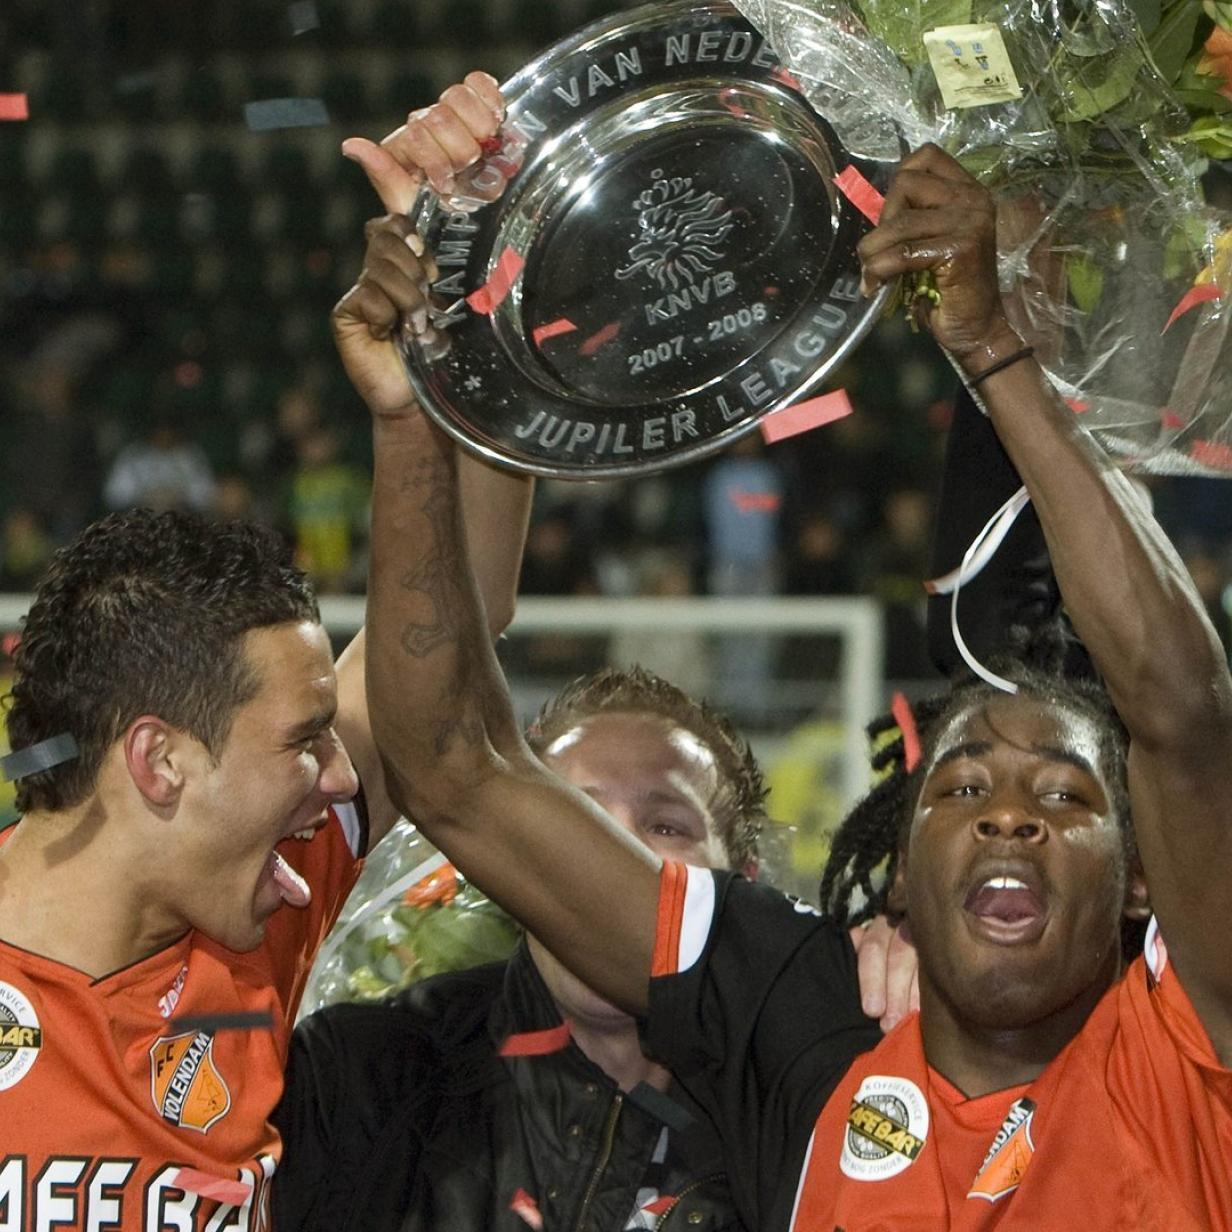 Niederländischer Ex-Kicker Maynard in Amsterdam ermordet
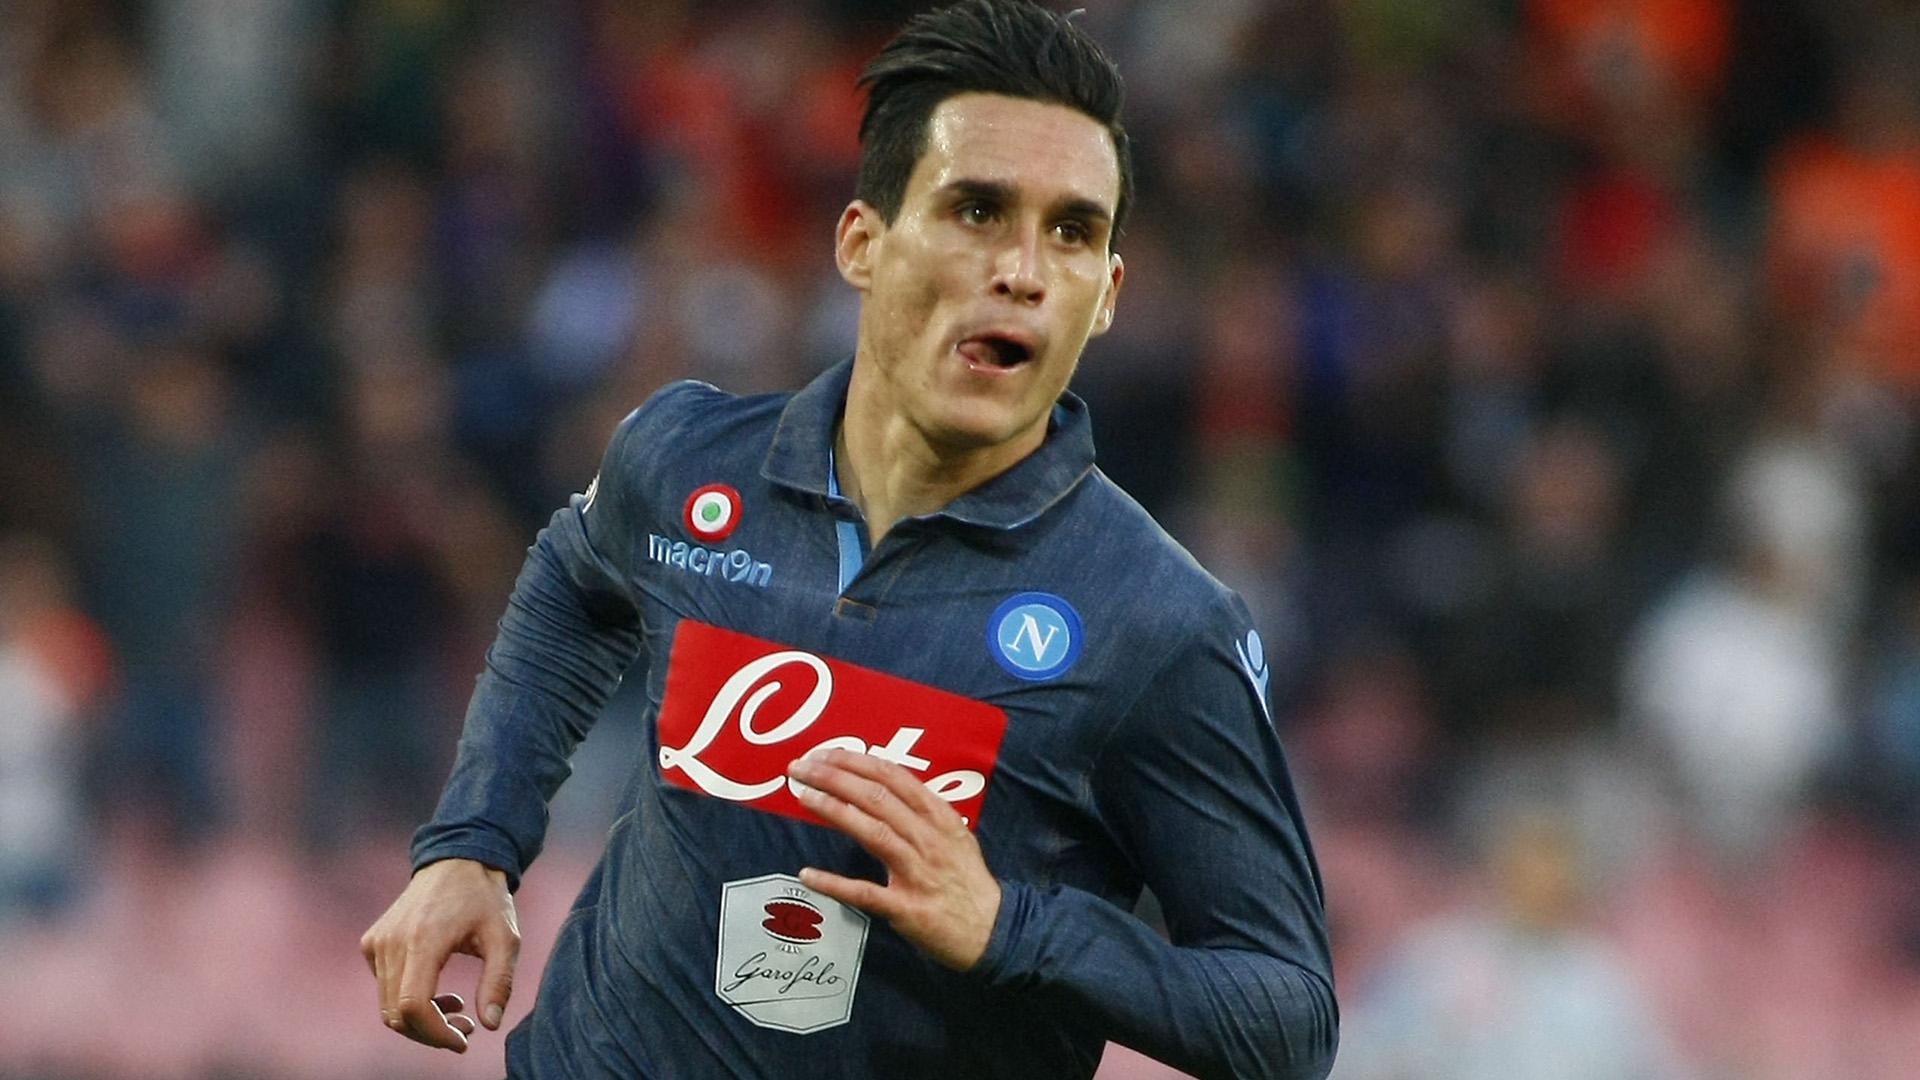 Callejon festeggia il primo gol del Napoli
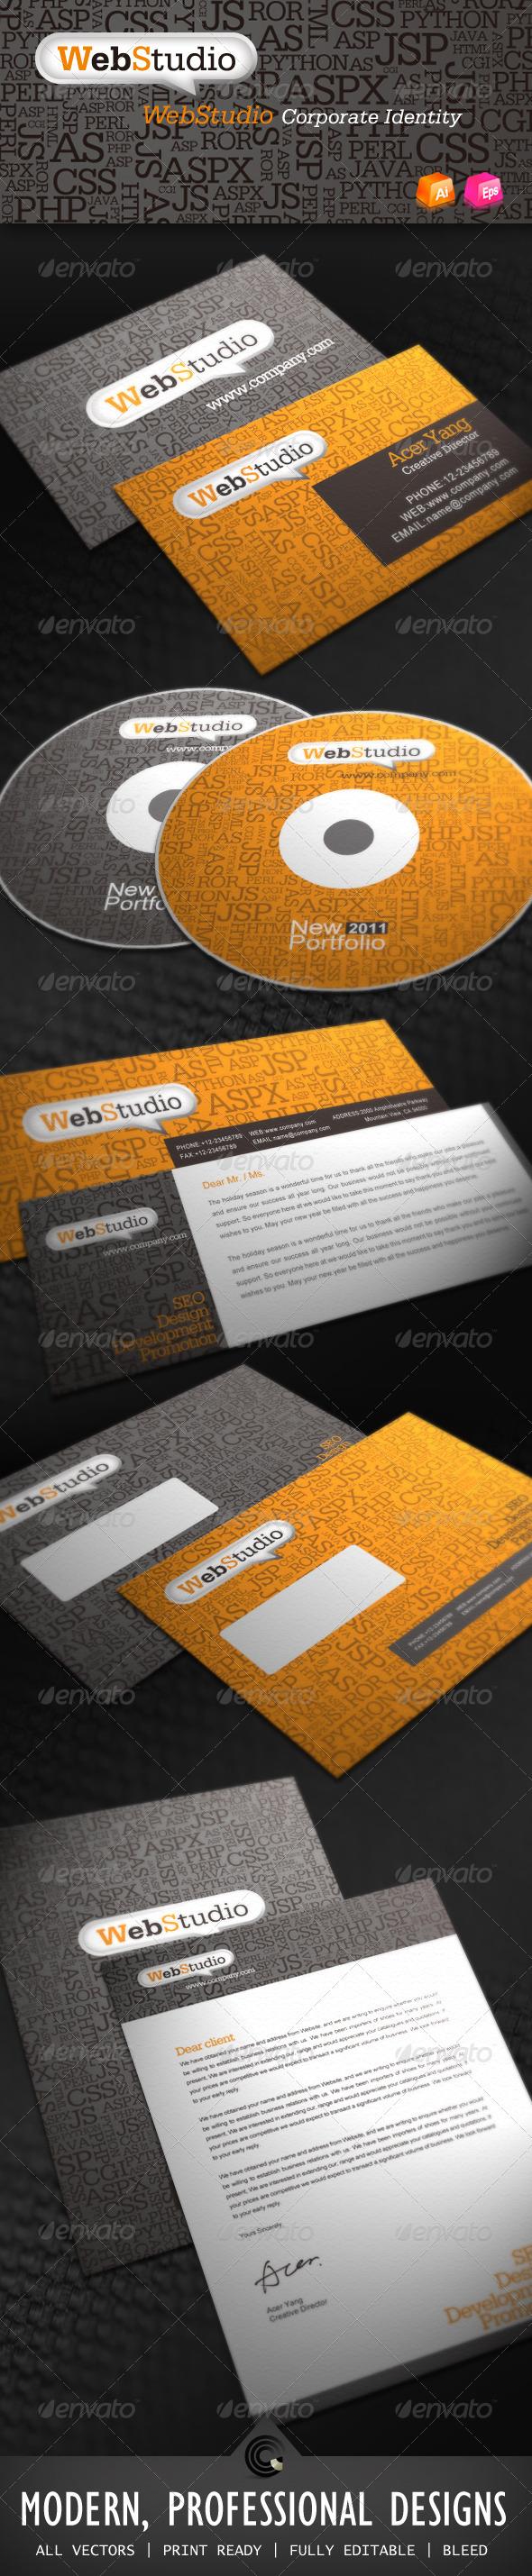 GraphicRiver Web Studio Corporate Identity 494979
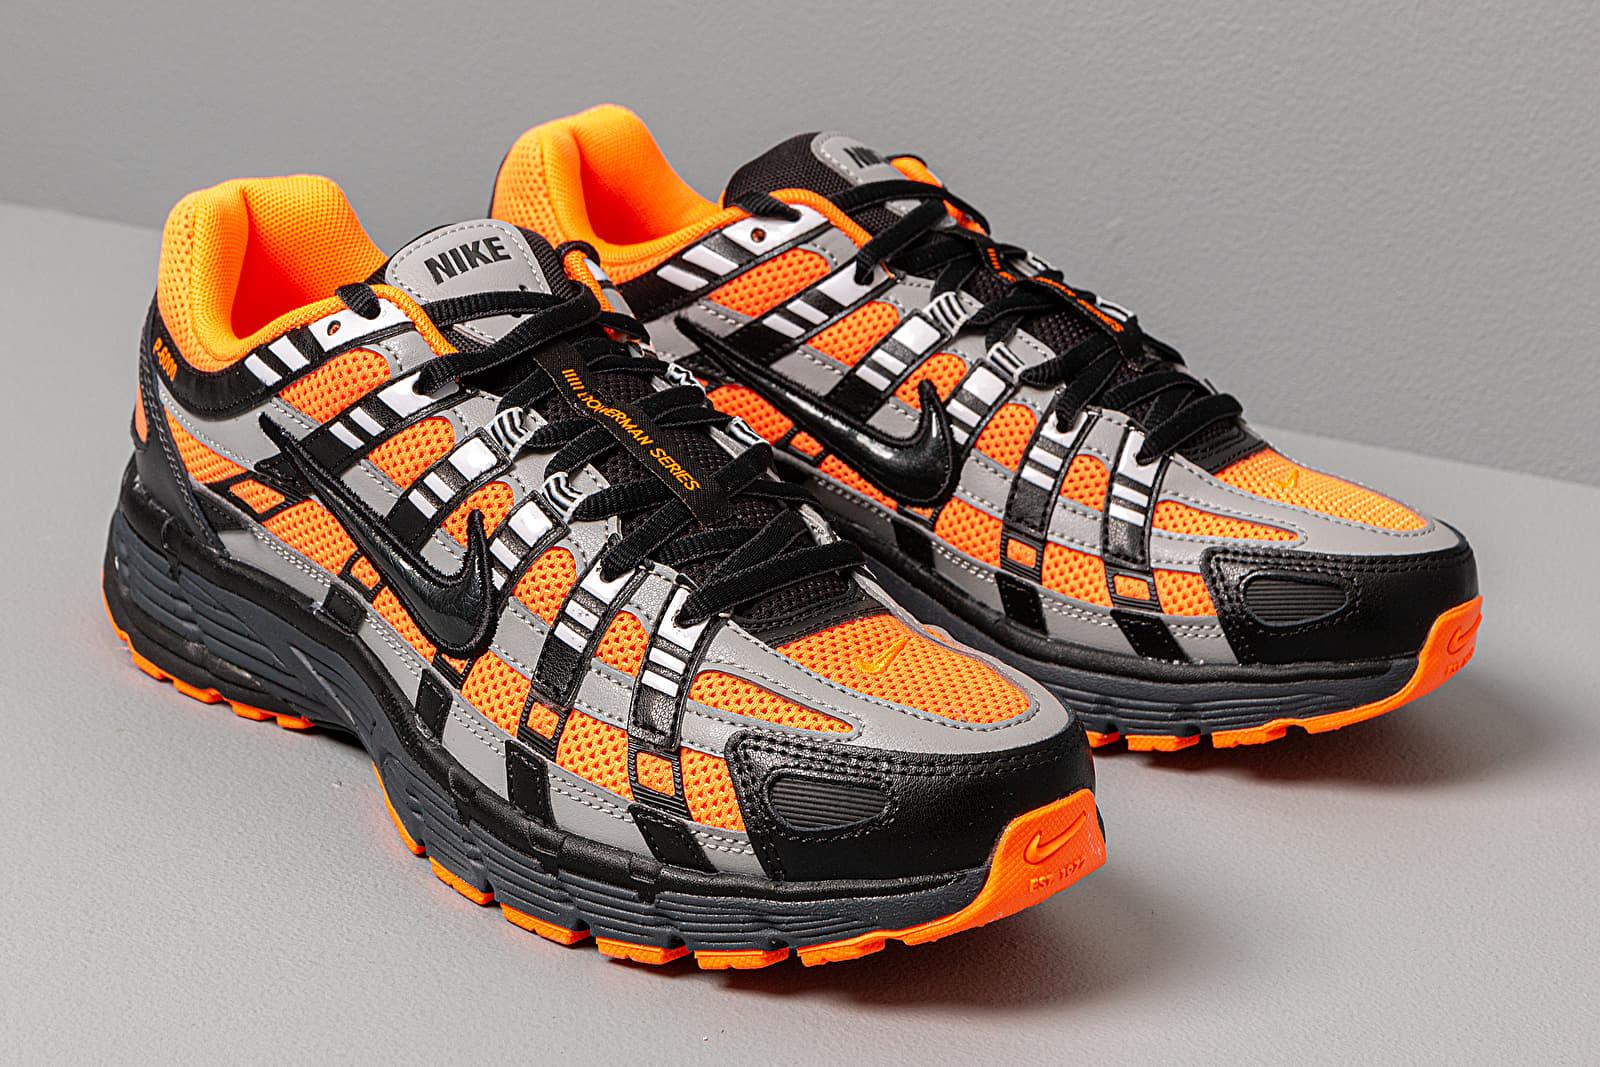 Nike P 6000 Total Orange Black Anthracite Flt Silver | Footshop

**Task goal**
Write out the data word for word, with every picture dropped.

**Exercise answer**
 Niederländischer Ex-Kicker Maynard in Amsterdam ermordet
 Callejon festeggia il primo gol del Napoli
 GraphicRiver Web Studio Corporate Identity 494979
 Nike P 6000 Total Orange Black Anthracite Flt Silver | Footshop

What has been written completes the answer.